Many Canadians who have had their land staked admit they didn't know what mineral rights were, let alone who owned them, when they bought their properties. Still, they are astonished that today's provincial governments would allow miners such easy access to private land. Their astonishment turns to worry when they learn how much damage miners have caused to some people's quality of life.

In 2006, a man from Vernon, B.C., discovered that a nearby recluse who lived in a truck --and was known to wander after dark wearing night-vision goggles and carrying a rifle -- had staked a claim on his land. After seeing the prospector lurking near his home, the rancher moved his daughter and wife to another house and bought a guard dog. A man in Westport, Ont., couldn't get liability insurance on his 13-acre property last year after discovering 20 trenches, some 100 metres long and three metres deep, that had been dug by a prospector looking for graphite. In 2004, a B.C. court ordered a Kamloops couple off their ranch so a company could begin strip-mining for diatomaceous earth, which is used to make kitty litter.

So what can you do if you drive to your cottage this summer only to find it's become a prospector's playground? Truth is, not much. You can launch a protest to the mining ministry within one year of the claim date, but if the prospector has followed the rules, you'll probably lose.

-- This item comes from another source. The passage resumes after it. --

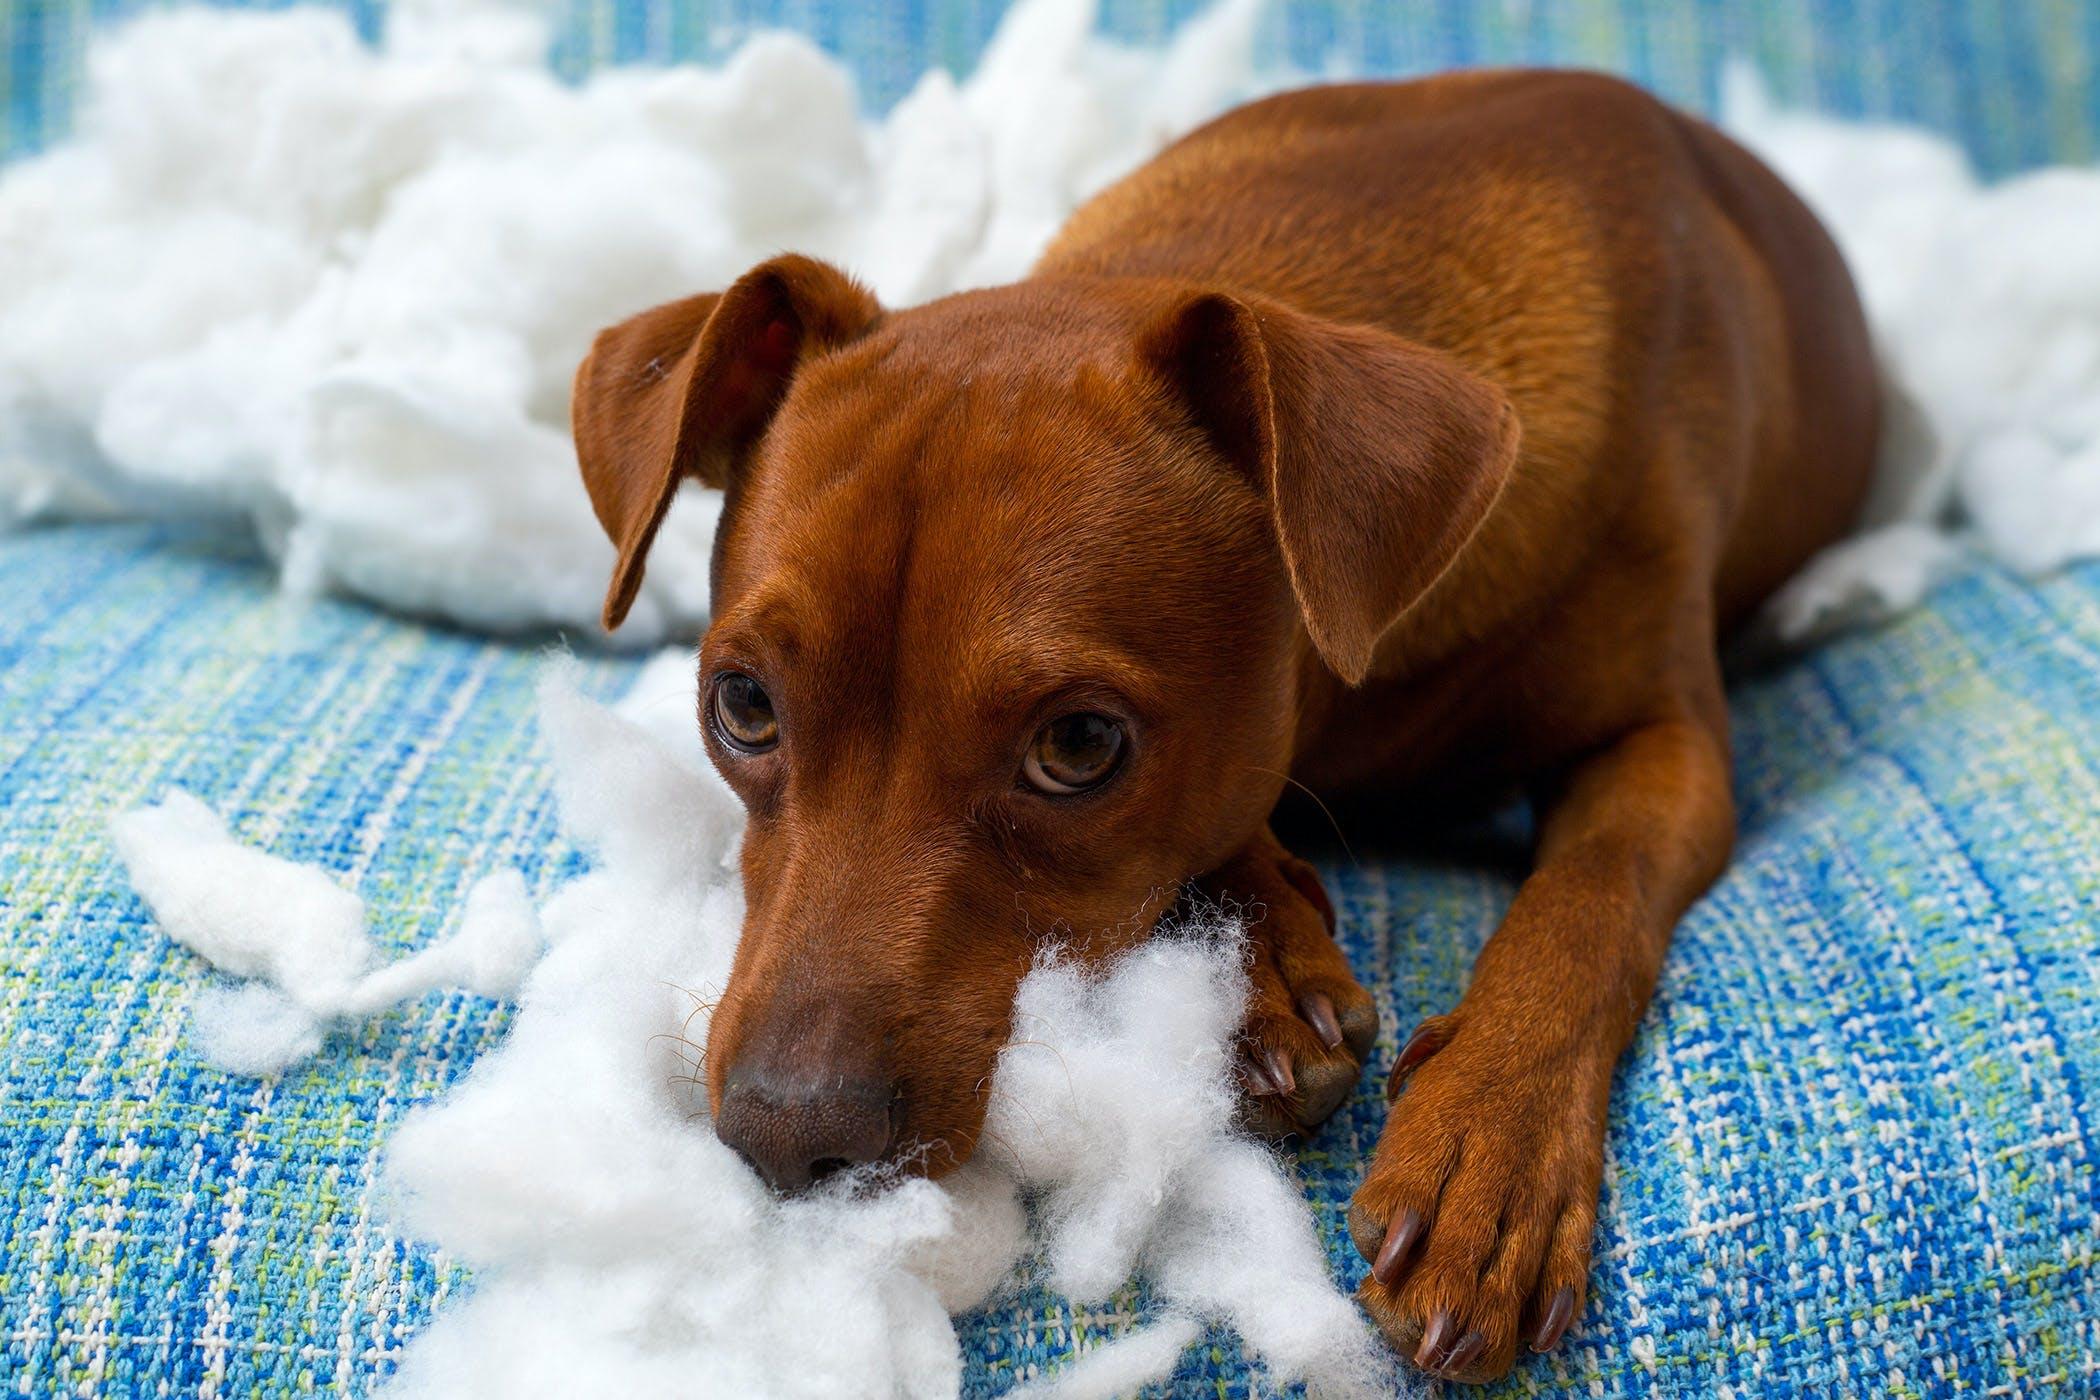 How to Stop Destructive Behavior in Dogs How to Stop Destructive Behavior in Dogs new pictures

Then again, as one North Frontenac man discovered, prospectors do make mistakes.

Don Huff's property was staked in March, by the same prospector who staked his neighbour's property. But the prospector had staked along incorrect property lines. So Mr. Huff's neighbour secured a prospector's licence, and the pair staked their own claim.
"We're not against mining," says Mr. Huff. "But if there is mining, we want to have control."

As for Mr. Morrison, he's not looking to get around free entry laws; he's decided to fight on a different front: the environment. He's joined with other North Frontenac residents who believe uranium mining will contaminate the earth and poison the water. The group held a meeting a couple of months ago and a hundred people showed up. They held a two-day protest at a Frontenac Ventures' work site in late June. Their ultimate goal: a ban on uranium mining.

George White, the 74-year-old owner of Frontenac Ventures Corporation, isn't worried. He says the anti-mining crowd is trying to scare everybody else with 50-year-old environmental horror stories. Mining today, says Mr. White, is heavily regulated and poses little environmental risk.

Most of the people he's spoken to are in favour of mining, says Mr. White. He's approached more than a dozen residents who own their mineral rights and only one has refused to lease them to Frontenac Ventures, he says.

If his company's exploratory work, which is set to begin soon and may last for five years, ever leads to the opening of a mine, Mr. White says it would be a boon for the region. It could mean up to 600 jobs. To him, the question facing North Frontenac residents is easy. "Do you want prosperity with an environmentally responsible company," he says. "Or do you want to sit back and be negative and put your heads in the sand?"

Conflicts like the one happening in North Frontenac are becoming increasingly frequent in Ontario. Frequent enough that the Ministry of Northern Development and Mines is planning on making a few concessions.

It is considering a proposal that will require prospectors to notify landowners within 60 days of staking a claim. Mining companies may soon have to notify landowners each time they plan on doing exploratory work instead of just before the first time. The ministry may also adopt a "paper staking" process, which will allow prospectors to stake claims without entering property at all. But these changes, if they do occur, will offer little peace of mind to Mr. Morrison. At any time, miners can drag a five-tonne drill onto his land and there is little he can do to stop them.

"It's a kick in the guts," he says. "I can sit here for 10, 15, 20 years, on pins and needles, waiting for the other uranium shoe to drop."